– Донырнет, куды денется! – уверенно ответил боцман-севастополец. – Балаклавские греки первеющие в здешних краях ныряльщики, а Коста из них лучший. Говорят, ныряет на двадцать саженей и четверть часа под водой может пробыть!
Мичман критически обозрел ныряльщика. Малый лет двадцати пяти, щуплый, жилистый, весь будто скручен из канатов. Загорелый дочерна, смоляные волосы, антрацитово-черные глаза на улыбчивой физиономии.
– На двадцать не надо. Мы ставили мины на заглубление в три сажени, чтобы пароходы и прочая мелочь заведомо прошли над ними. Как вон «Карадок».
И он показал на сидящий на камнях английский корабль.
– Три сажени – совсем мало, – медленно произнес грек. – Три сажени – даже моро
[7] справится, камня не надо. Так достану, кирие
[8].
И кивнул на круглые, обкатанные морем булыжники, выложенные на палубе.
– Они их между коленями зажимают, – пояснил севастополец. – А как всплывать надо – отпускают. А нож в зубах держат. Вынырнет такой из воды – рожа надутая, глаза кровяные, нож в зубах – чисто морской черт!

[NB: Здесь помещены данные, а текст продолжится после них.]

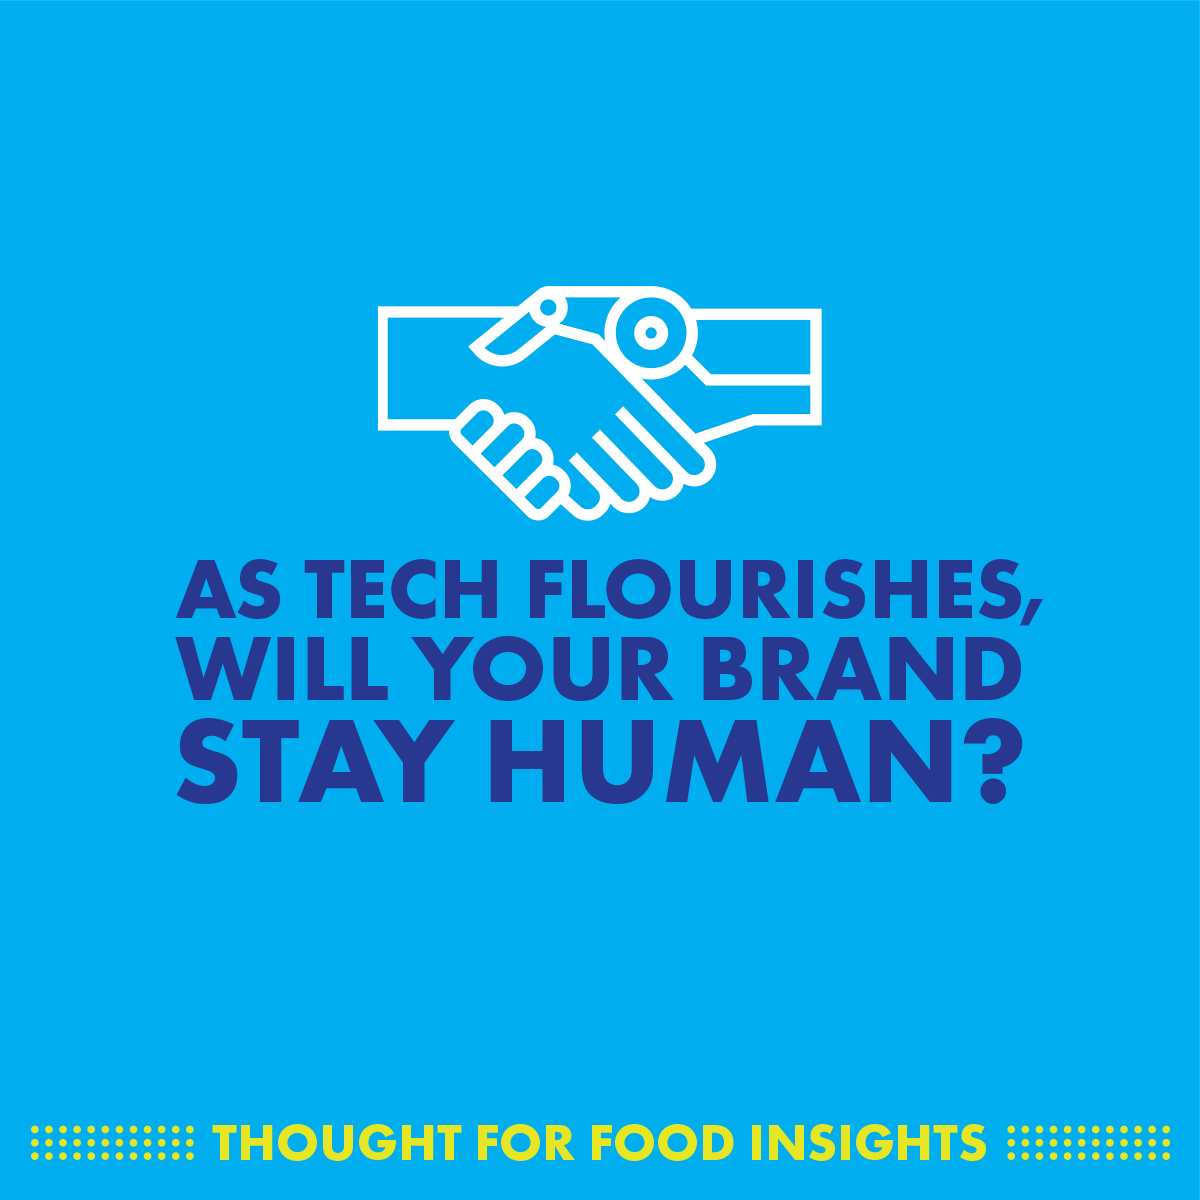 As tech flourishes, will your brand stay human?

– А зачем они вообще ныряют? – поинтересовался Красницкий. – Тут вроде ни устриц, ни губок, ни раковин-жемчужниц. Неужели на потеху публике?
Мичману приходилось бывать на Красном море – гардемарином, на учебном судне Морского корпуса. Он помнил арабов, вытаскивающих серебряные десятипенсовики и бронзовые монетки в десять сантимов, которые европейские путешественники бросали в воду с пароходов.
Коста рассмеялся – его позабавила непонятливость русского офицера.
– Так сети же! – объяснил боцман, исподтишка показывая греку немаленьких размеров кулак. – А на дне чего только не валяется! И скалы, и мачты шаланд, которые потонули, корабли тож. Ежели сеть зацепится – бросать ее, што ль? Сети, вашбродие, денех стоют, и немалых, эдак рыбак никаких средствов не напасется! Привязывают, значить, бочонок, али доски кусок, заместо буйка и зовут ентого самого Косту. Он ныряет, сеть освобождает. Ежели надо – разрежет немного, потом починят, дело-то нехитрое…
– Ясно, – кивнул минер. – Сети, значит… Нет, на этот раз ничего резать не надо. Мы идем вдоль берега, двумя кораблями, раскинув трал. Идем медленно, как только минреп зацепим – даем гудок и останавливаемся. Потом вы, мичман, на барказе подгребаете к мине, Коста ныряет и крепит к минрепу конец. А дальше либо «Заветный», либо это корыто, – он кивнул на лениво дымящий в полукабельтове от миноносца пароходик, – подходит и лебедкой вытаскивает якорь мины. Она всплывает, мы ее стропим и поднимаем на «Заветный». Ну а дальше дело наше, до вас не касаемо.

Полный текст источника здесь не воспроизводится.